1 R workspace

As you know R is a statistical programming environment that can store objects in it’s workspace. If we create any object in current workspace, then it can be viewed by

ls()
## character(0)

As you can see there are no objects at first. So lets create an object.

1.1 Creating object

x <- 1

ls()
## [1] "x"

Now there is an object called ‘x’ with a value 1. Lets try to remove it.

1.2 Removing object

rm(x)

ls()
## character(0)

After using rm() function, there is no object.

1.3 Saving workspace

To save your workspace into a file use

save.image("workspace.Rdata")

This will save our current workspace ^_^

2 Data handling

The objects that can be manipulated in a wide variety of ways in R. So lets start @_#

2.1 Basic data types

1. Character ~> These are the combination of alpha-numeric character that are quoted by "".
2. Numeric ~> A number value.
3. Logical ~> TRUE or FALSE

2.2 Data structures

2.2.1 Vectors

In the context of R, a vector is a simple one-dimensional list of objects which are all of the same basic type. Now to create a vector we have to use ‘concatenate’ function c().

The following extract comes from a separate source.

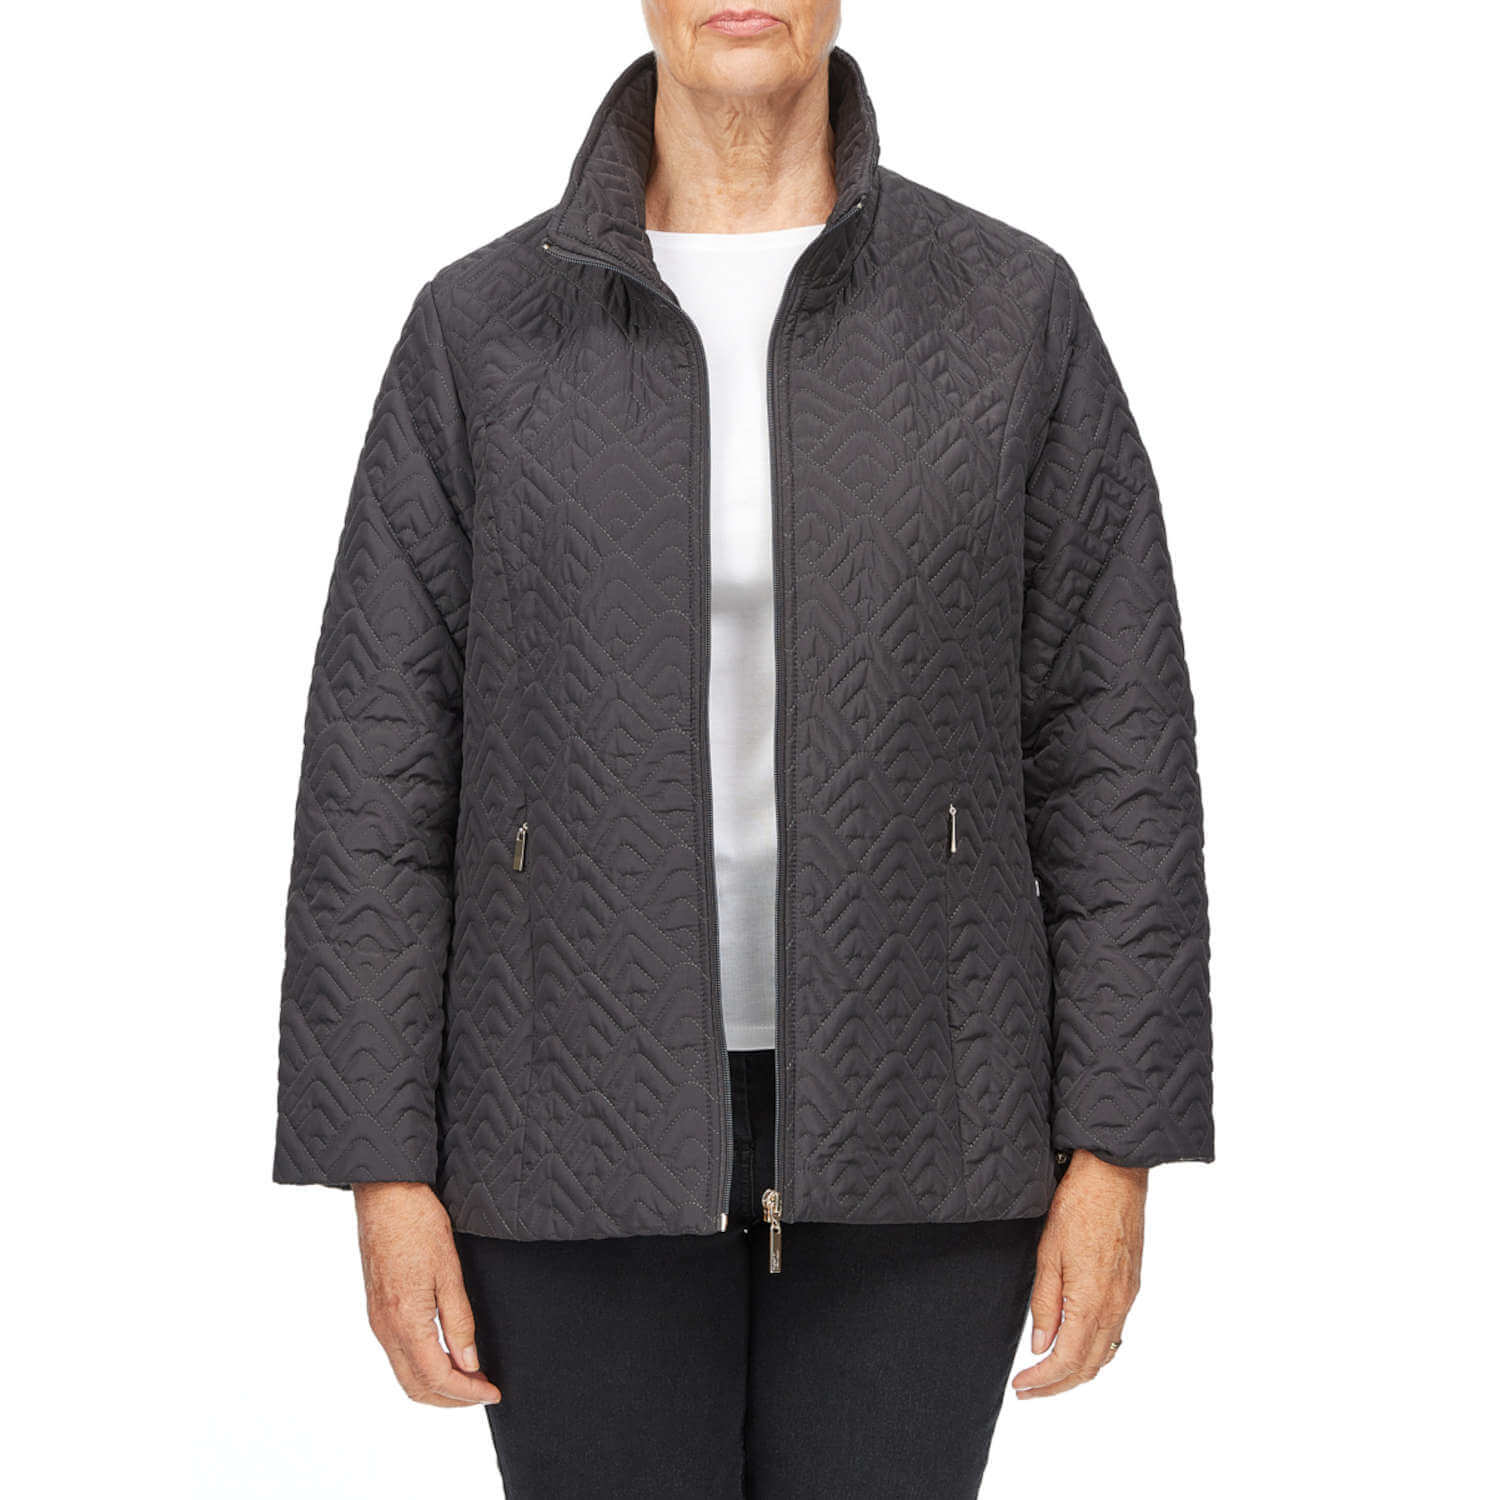 Tigiwear Quilted Coat - Charcoal 2 Shaws Department Stores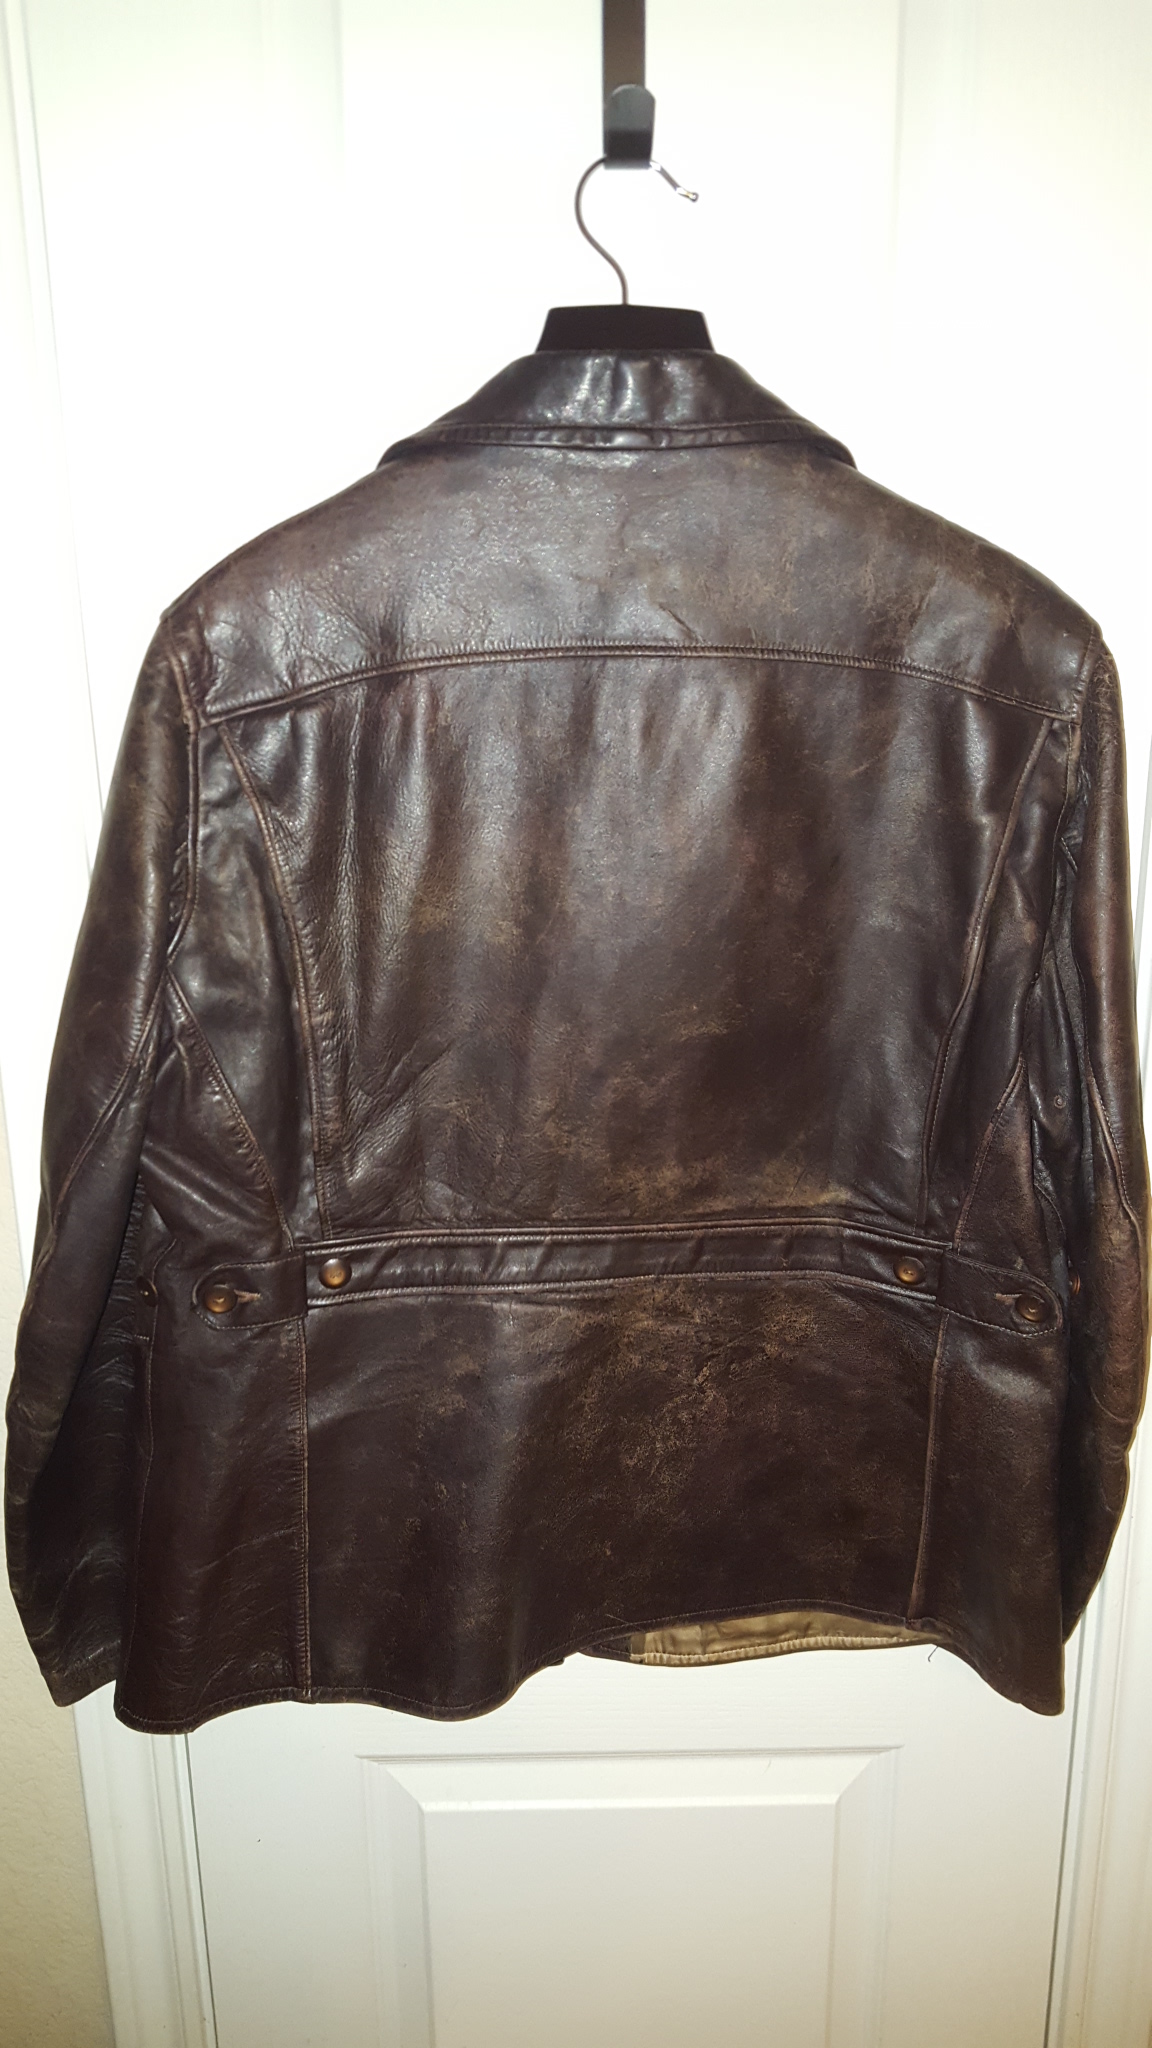 Need advice on reducing puckering on vintage leather jacket | The ...

vec1 <- c(1, 2, 3) # All integer

vec1
## [1] 1 2 3
vec2 <- c(1, 3, 4, 5.4) # If vector contains a float

vec2
## [1] 1.0 3.0 4.0 5.4
vec3 <- c(2:10) # Vector of sequential integers

vec3
## [1]  2  3  4  5  6  7  8  9 10

it’s a bit confusing but the indexing of vectors starts with 1. So to retrieve an object from the vector we will use the indexing.

vec1[1]
## [1] 1
vec2[vec1]
## [1] 1 3 4

The second retrieval can be a little confusing so let me tell. ‘vec1’ contains 3 objects (1, 2, 3) so when we put ‘vec1’ inside ‘vec2’ then (1, 2, 3) become indexes of (1, 3, 4, 5.4). After running ‘vec2[vec1]’ we get (1, 3, 4) as outputs.

What if you use negative indexing?

Well that’s a valid question. Negative indices don’t return the indexed element(s).

vec2[-1] # index 1 ~> 1; there is no 1
## [1] 3.0 4.0 5.4
vec2[-3] # index 3 ~> 4; and there is no 4
## [1] 1.0 3.0 5.4

2.2.2 Arrays

Arrays are multi-dimensional vectors, meaning it’s like a table of objects of same basic data type. Arrays can be create in R using the function array() that is filled with values in order of the dimensions (like row first, column second…)

arr <- array(c(3:17), dim = c(3, 5))

arr
##      [,1] [,2] [,3] [,4] [,5]
## [1,]    3    6    9   12   15
## [2,]    4    7   10   13   16
## [3,]    5    8   11   14   17

Remember, if the number of elements exceed the dimension then after filling the dimension elements will be lost o_O Just like vectors, arrays are also indexed with square brackets with row first and column second.

arr[1, 3] # first row and third column
## [1] 9
arr[2,] # second row
## [1]  4  7 10 13 16
arr[, 5] # fifth column
## [1] 15 16 17
arr[,c(1,3)] # first and third column
##      [,1] [,2]
## [1,]    3    9
## [2,]    4   10
## [3,]    5   11

2.2.3 Lists

List and vector both data structures can store elements but in a vector all basic data types should have to be same whereas in a list there can exist different data types. Lets use it e_e

myList <- list(1, 2, 3)

myList
## [[1]]
## [1] 1
## 
## [[2]]
## [1] 2
## 
## [[3]]
## [1] 3

Now to index one of the elements from within a list, we have to [[index]].

myList[[1]]
## [1] 1

Lets change the index [[1]] with a collection.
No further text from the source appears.